■ TRY IT
Repeat the following data exactly, omitting pictures.

■ DATA SECTION
▼▼▼
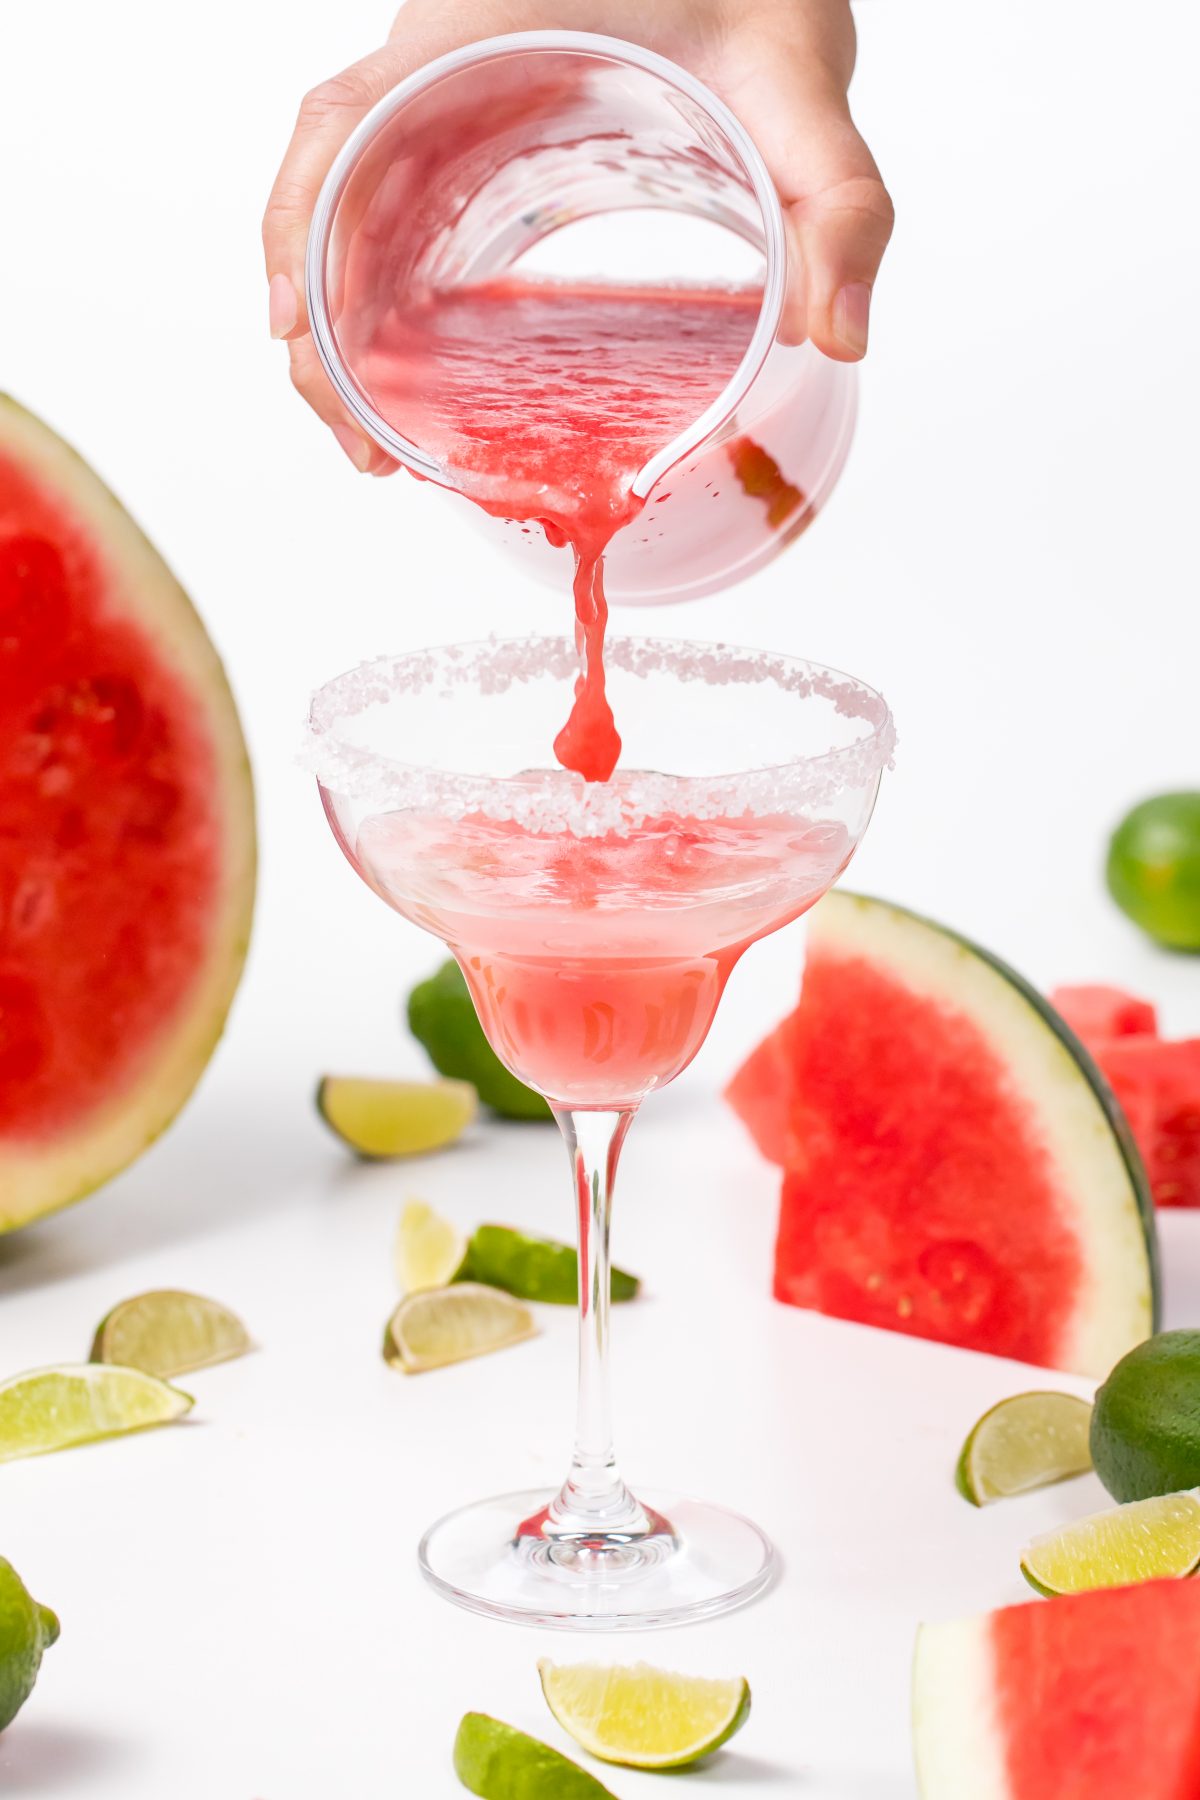 Pour watermelon juice into glas
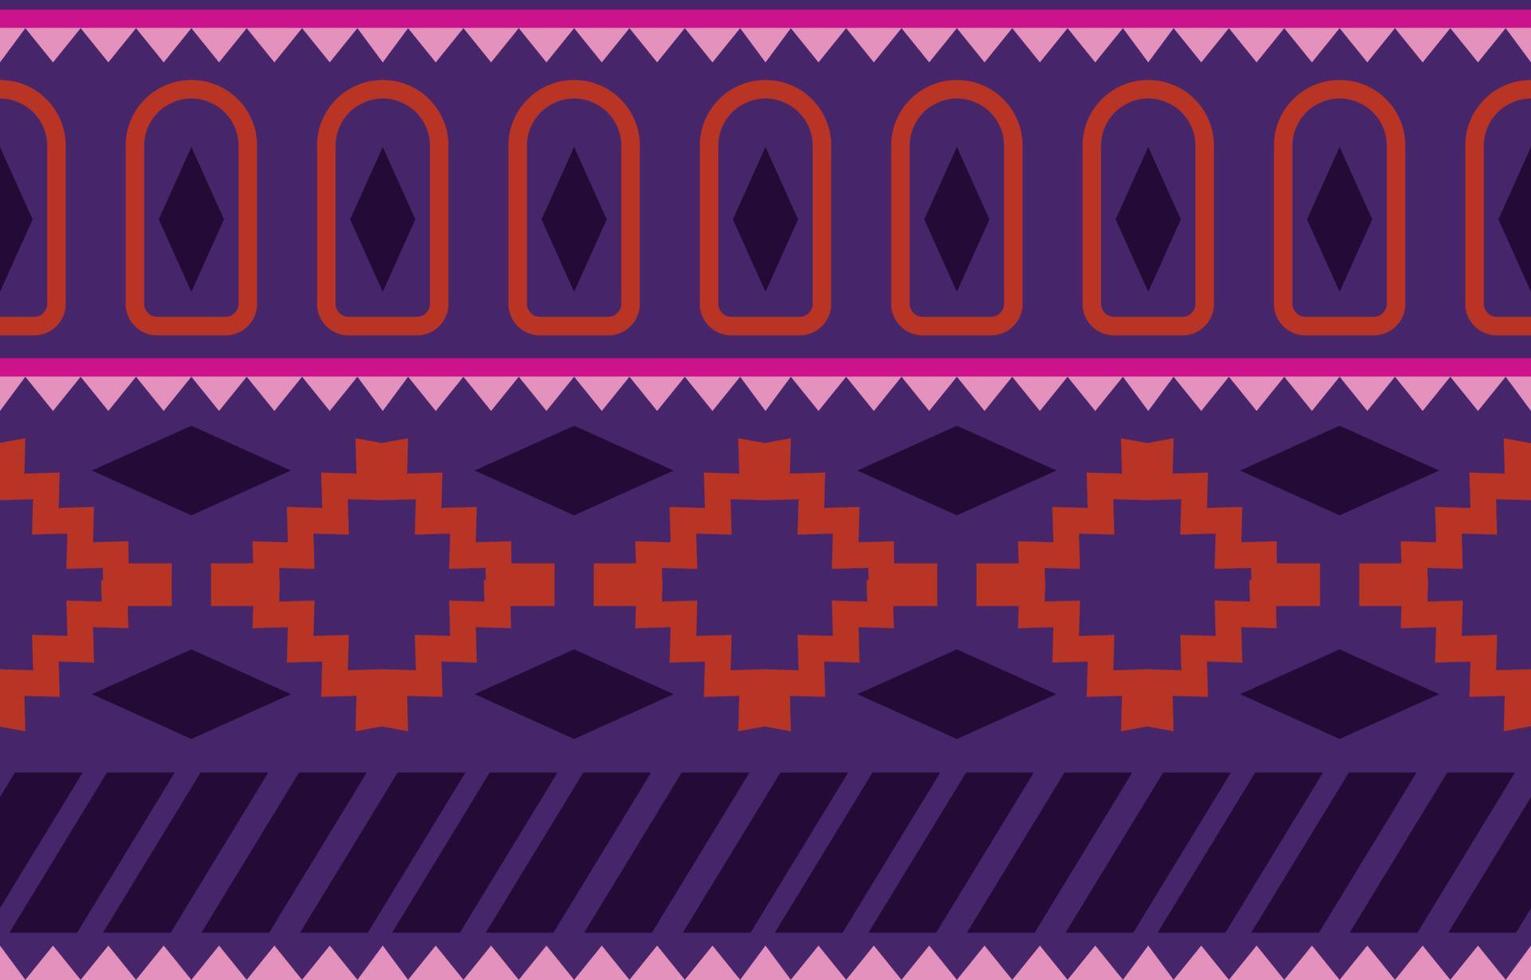 patrón étnico tribal oriental geométrico africano. fondo tradicional. diseño para moqueta, papel pintado, ropa, envoltura, batik, tela, estilo de bordado de ilustración vectorial. vector
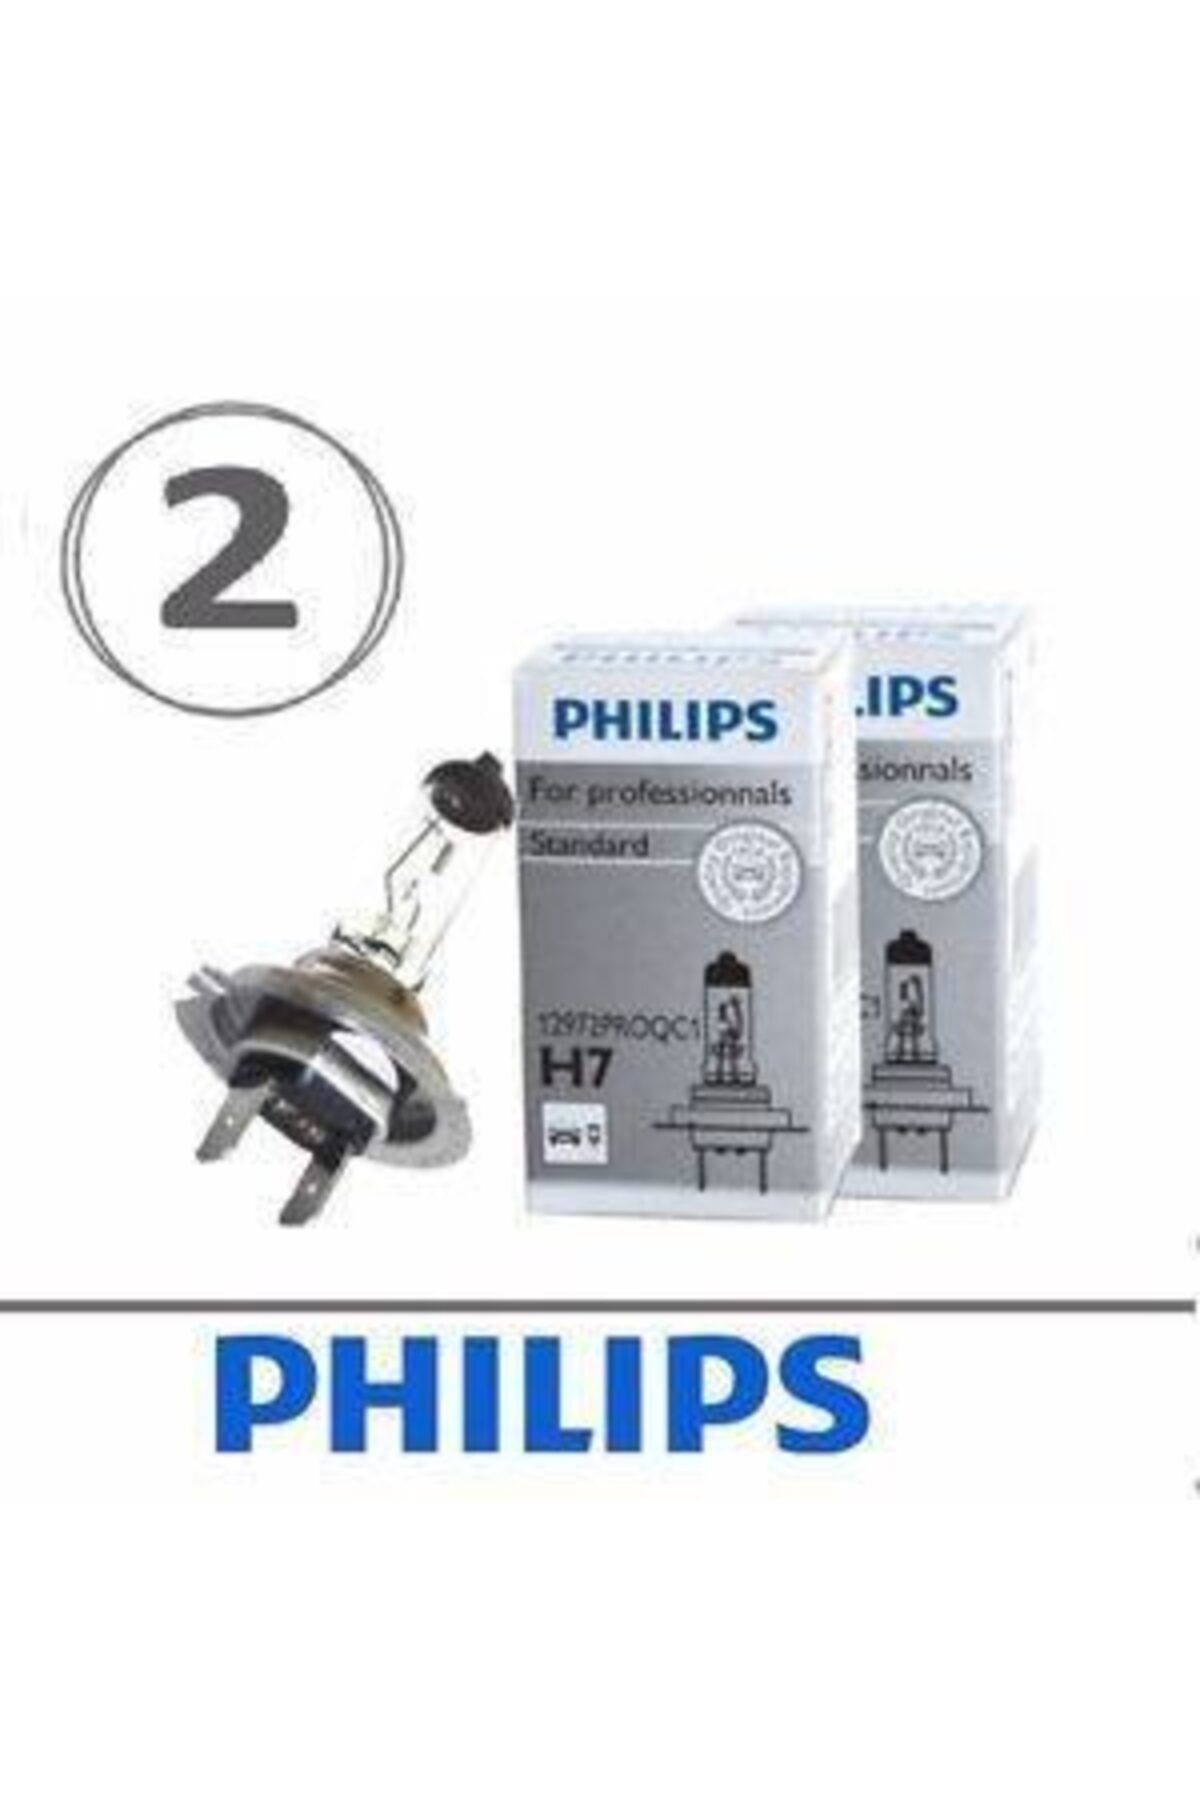 Philips H7 Ampul 12v 55w 12972proqc1 - 2 Adet Fiyatı, Yorumları
▲▲▲
■ RESPONSE TO THE EXERCISE
 Pour watermelon juice into glas
 patrón étnico tribal oriental geométrico africano. fondo tradicional. diseño para moqueta, papel pintado, ropa, envoltura, batik, tela, estilo de bordado de ilustración vectorial. vector
 Philips H7 Ampul 12v 55w 12972proqc1 - 2 Adet Fiyatı, Yorumları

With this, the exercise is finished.